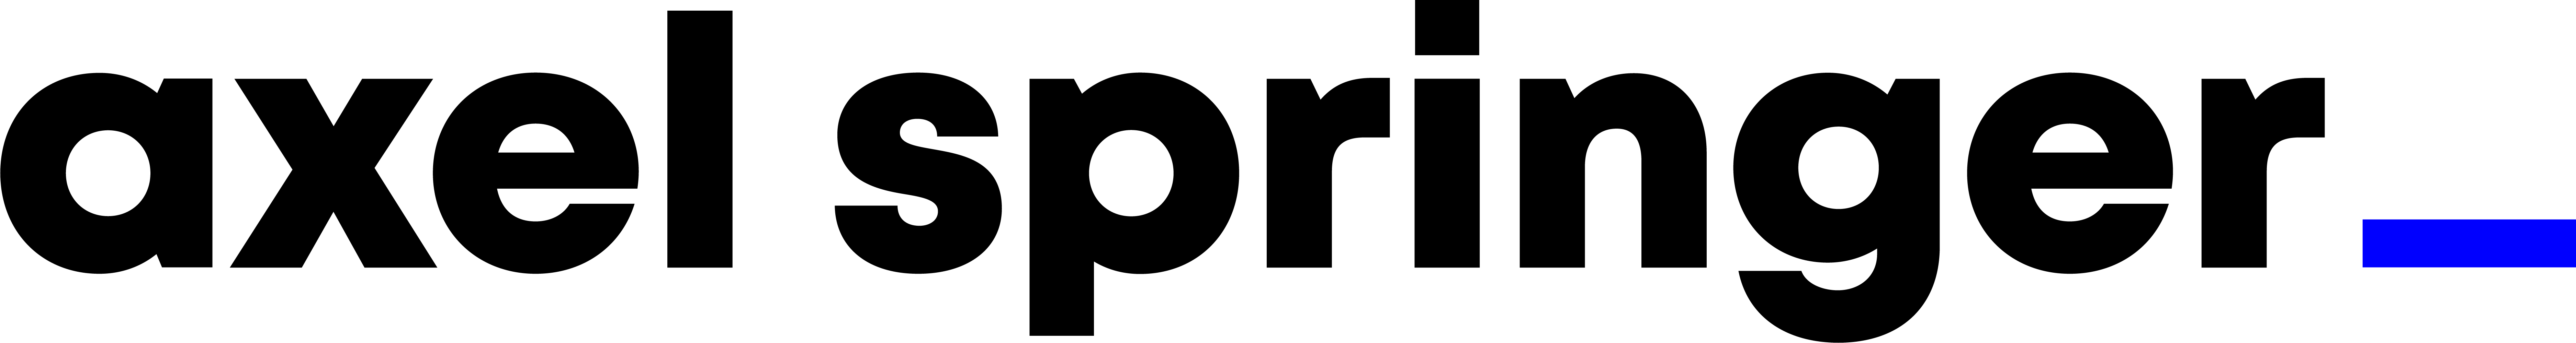 Axel Springer-logo
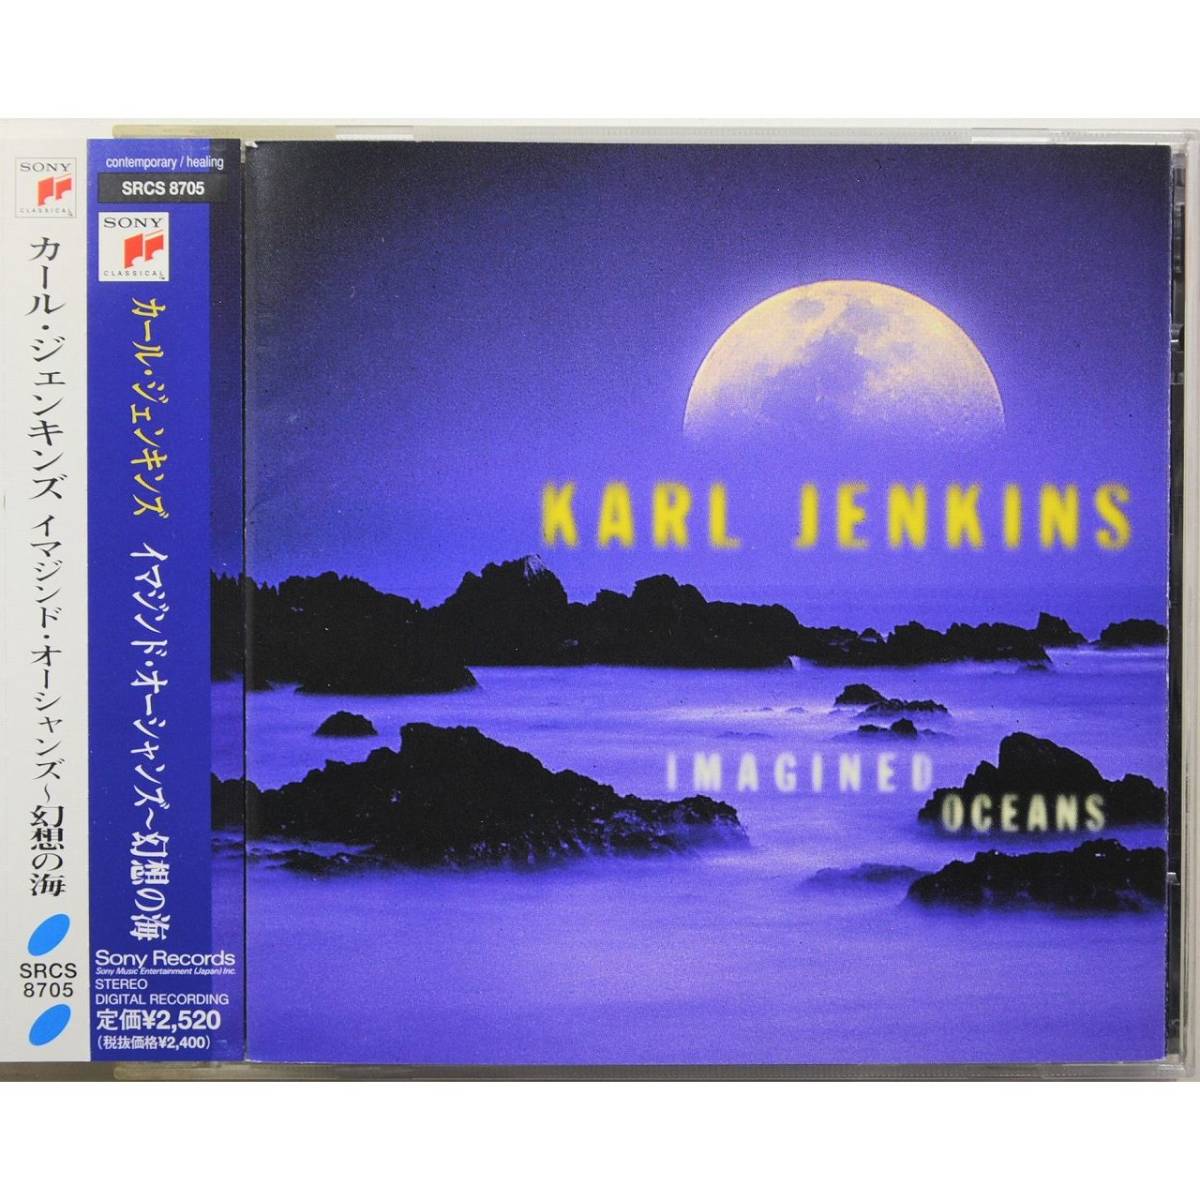 Karl Jenkins / Imagined Oceans ◇ カール・ジェンキンズ / イマジンド・オーシャンズ～幻想の海 ◇ 国内盤帯付 ◇_画像1
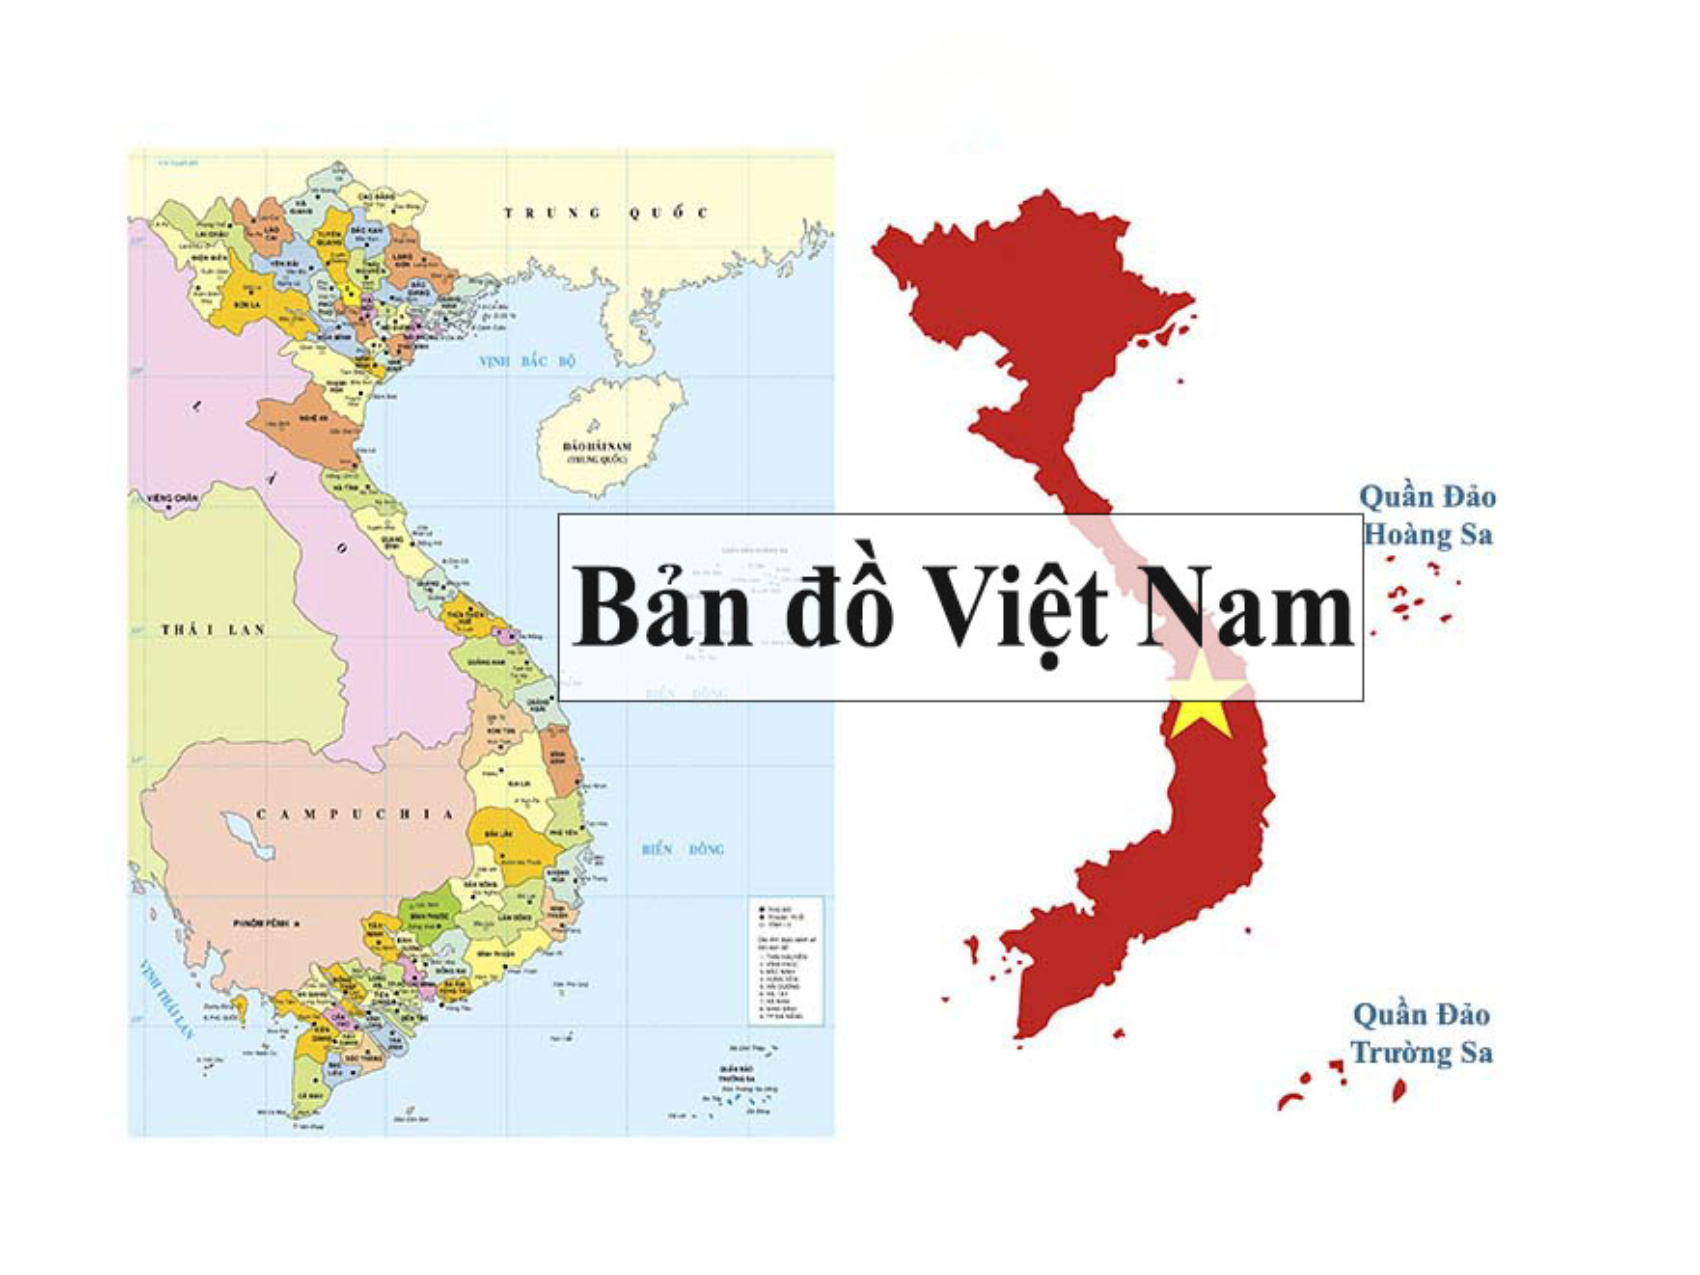 Bản đồ Việt Nam là gì?
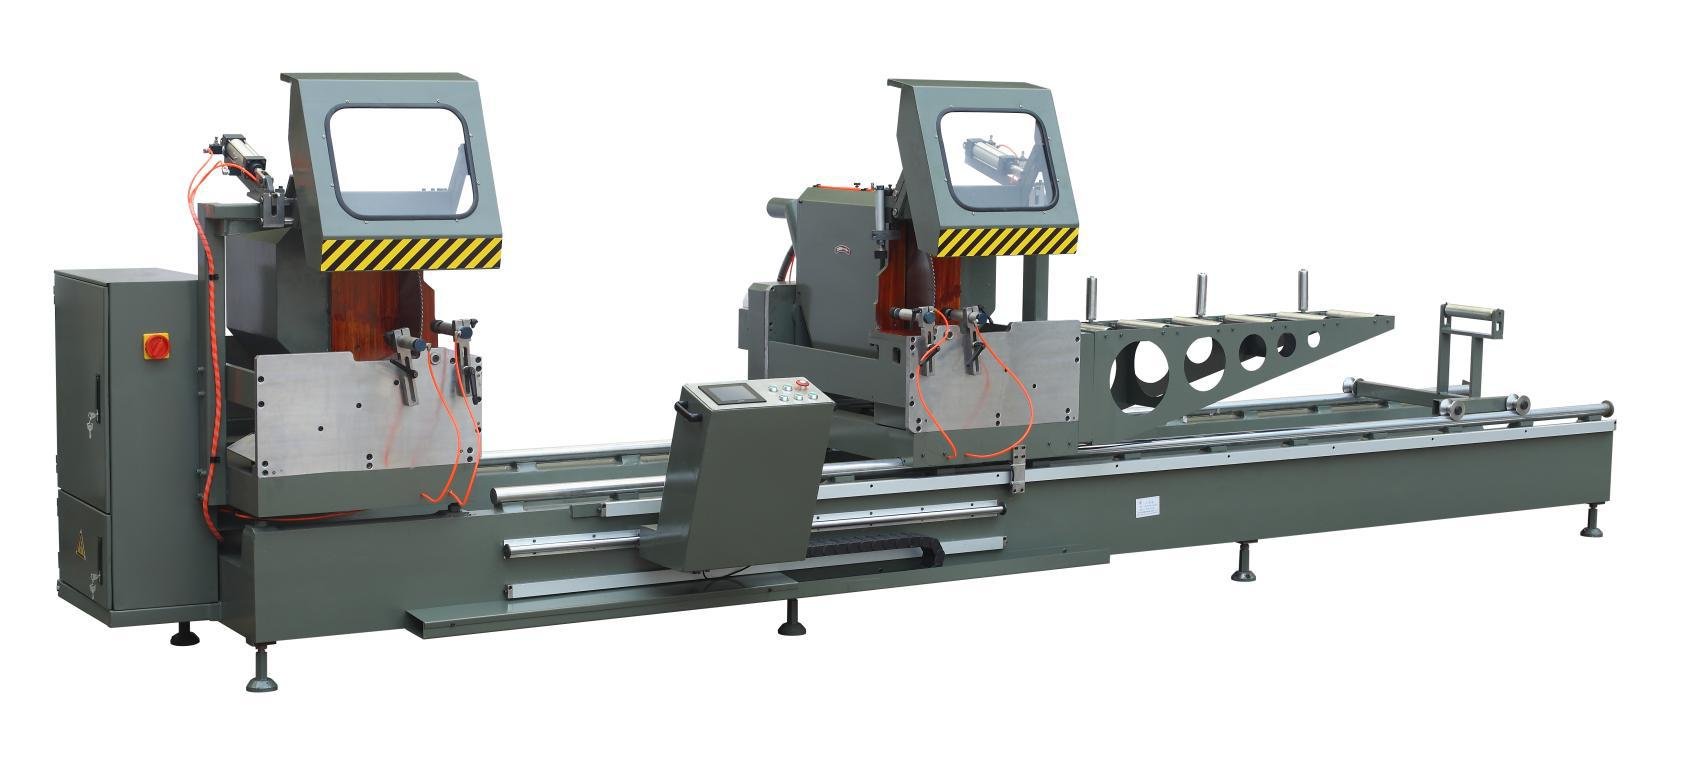 kingtool aluminium machinery Array image33

### Work request
Print the preceding material over again exactly. Please leave the pictures out.

### Result of the exercise
 Axel Springer-logo
 Karl Jenkins / Imagined Oceans ◇ カール・ジェンキンズ / イマジンド・オーシャンズ～幻想の海 ◇ 国内盤帯付 ◇_画像1
 Bản đồ Việt Nam là gì?
 kingtool aluminium machinery Array image33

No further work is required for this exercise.